Returns the current stepsize.

Setter

Sets the value of the step.

Raises
• TypeError – if step is set to not numeric or None

• ValueError – if step is set to negative

• TypeError – if step is set to not integer or None for an integer parameter

• TypeError – if step is set to not a number on None

sweep(start: float, stop: float, step: Optional[float] = None, num: Optional[int] = None) → qcodes.instrument.sweep_values.SweepFixedValues

Create a collection of parameter values to be iterated over. Requires start and stop and (step or num) The sign of step is not relevant.

Parameters
• start – The starting value of the sequence.

• stop – The end value of the sequence.

• step – Spacing between values.

• num – Number of values to generate.

Returns

Collection of parameter values to be iterated over.

Return type

SweepFixedValues

Examples

>>> sweep(0, 10, num=5)
[0.0, 2.5, 5.0, 7.5, 10.0]
>>> sweep(5, 10, step=1)
[5.0, 6.0, 7.0, 8.0, 9.0, 10.0]
>>> sweep(15, 10.5, step=1.5)
>[15.0, 13.5, 12.0, 10.5]

validate(value: Any)None

Validate the value supplied.

Parameters

value – value to validate

Raises
• TypeError – If the value is of the wrong type.

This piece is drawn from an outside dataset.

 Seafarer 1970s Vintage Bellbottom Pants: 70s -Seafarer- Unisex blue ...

• ValueError – If the value is outside the bounds specified by the validator.

## qcodes.instrument_drivers.test module¶

class qcodes.instrument_drivers.test.DriverTestCase(methodName='runTest')[source]

Bases: unittest.case.TestCase

Create an instance of the class that will use the named test method when executed. Raises a ValueError if the instance does not have a method with the specified name.

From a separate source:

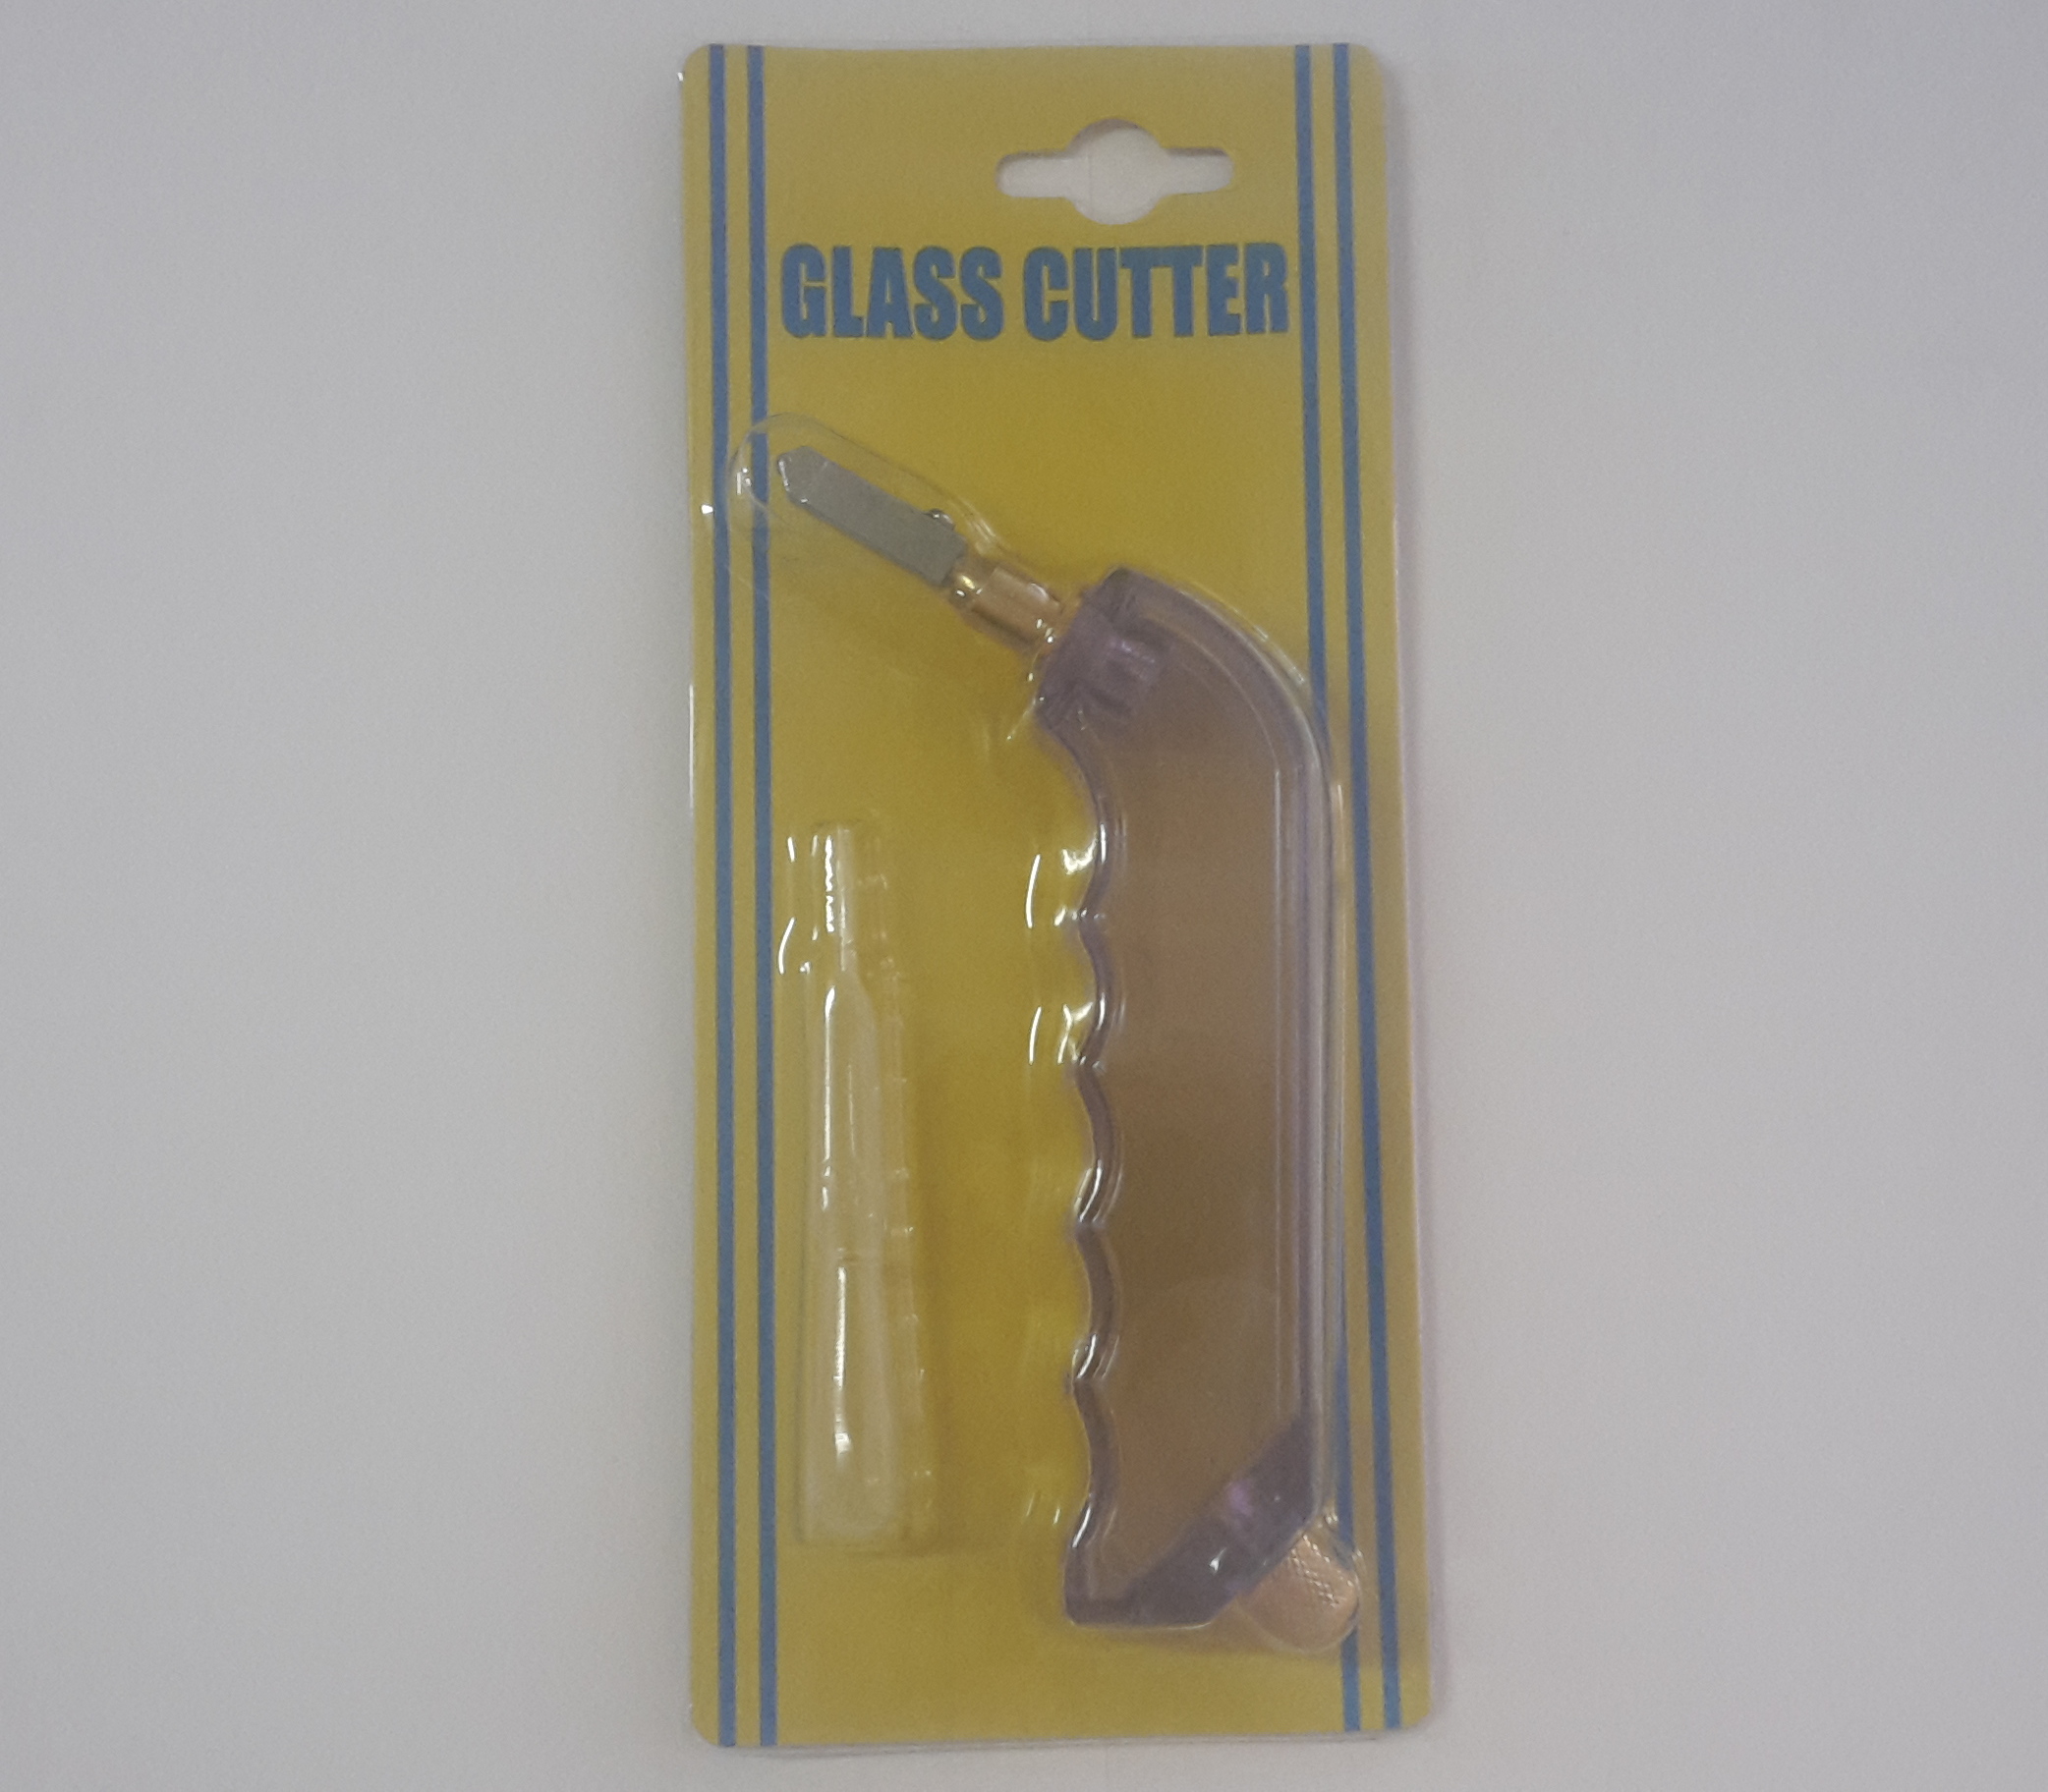 3.1 Pistol Grip glass cutter

driver: Optional[type] = None
classmethod setUpClass()[source]

Hook method for setting up class fixture before running tests in the class.

addCleanup(**kwargs)

Add a function, with arguments, to be called when the test is completed. Functions added are called on a LIFO basis and are called after tearDown on test failure or success.

Cleanup items are called even if setUp fails (unlike tearDown).

addTypeEqualityFunc(typeobj, function)

Add a type specific assertEqual style function to compare a type.

This method is for use by TestCase subclasses that need to register their own type equality functions to provide nicer error messages.

Parameters
• typeobj – The data type to call this function on when both values are of the same type in assertEqual().

• function – The callable taking two arguments and an optional msg= argument that raises self.failureException with a useful error message when the two arguments are not equal.

assertAlmostEqual(first, second, places=None, msg=None, delta=None)

Fail if the two objects are unequal as determined by their difference rounded to the given number of decimal places (default 7) and comparing to zero, or by comparing that the difference between the two objects is more than the given delta.

Note that decimal places (from zero) are usually not the same as significant digits (measured from the most significant digit).

If the two objects compare equal then they will automatically compare almost equal.

assertAlmostEquals(**kwargs)
assertCountEqual(first, second, msg=None)

An unordered sequence comparison asserting that the same elements, regardless of order. If the same element occurs more than once, it verifies that the elements occur the same number of times.

self.assertEqual(Counter(list(first)),

Counter(list(second)))

Example:
• [0, 1, 1] and [1, 0, 1] compare equal.

• [0, 0, 1] and [0, 1] compare unequal.

assertDictContainsSubset(subset, dictionary, msg=None)

Checks whether dictionary is a superset of subset.

assertDictEqual(d1, d2, msg=None)
assertEqual(first, second, msg=None)

Fail if the two objects are unequal as determined by the ‘==’ operator.

assertEquals(**kwargs)
assertFalse(expr, msg=None)

Check that the expression is false.

assertGreater(a, b, msg=None)

Just like self.assertTrue(a > b), but with a nicer default message.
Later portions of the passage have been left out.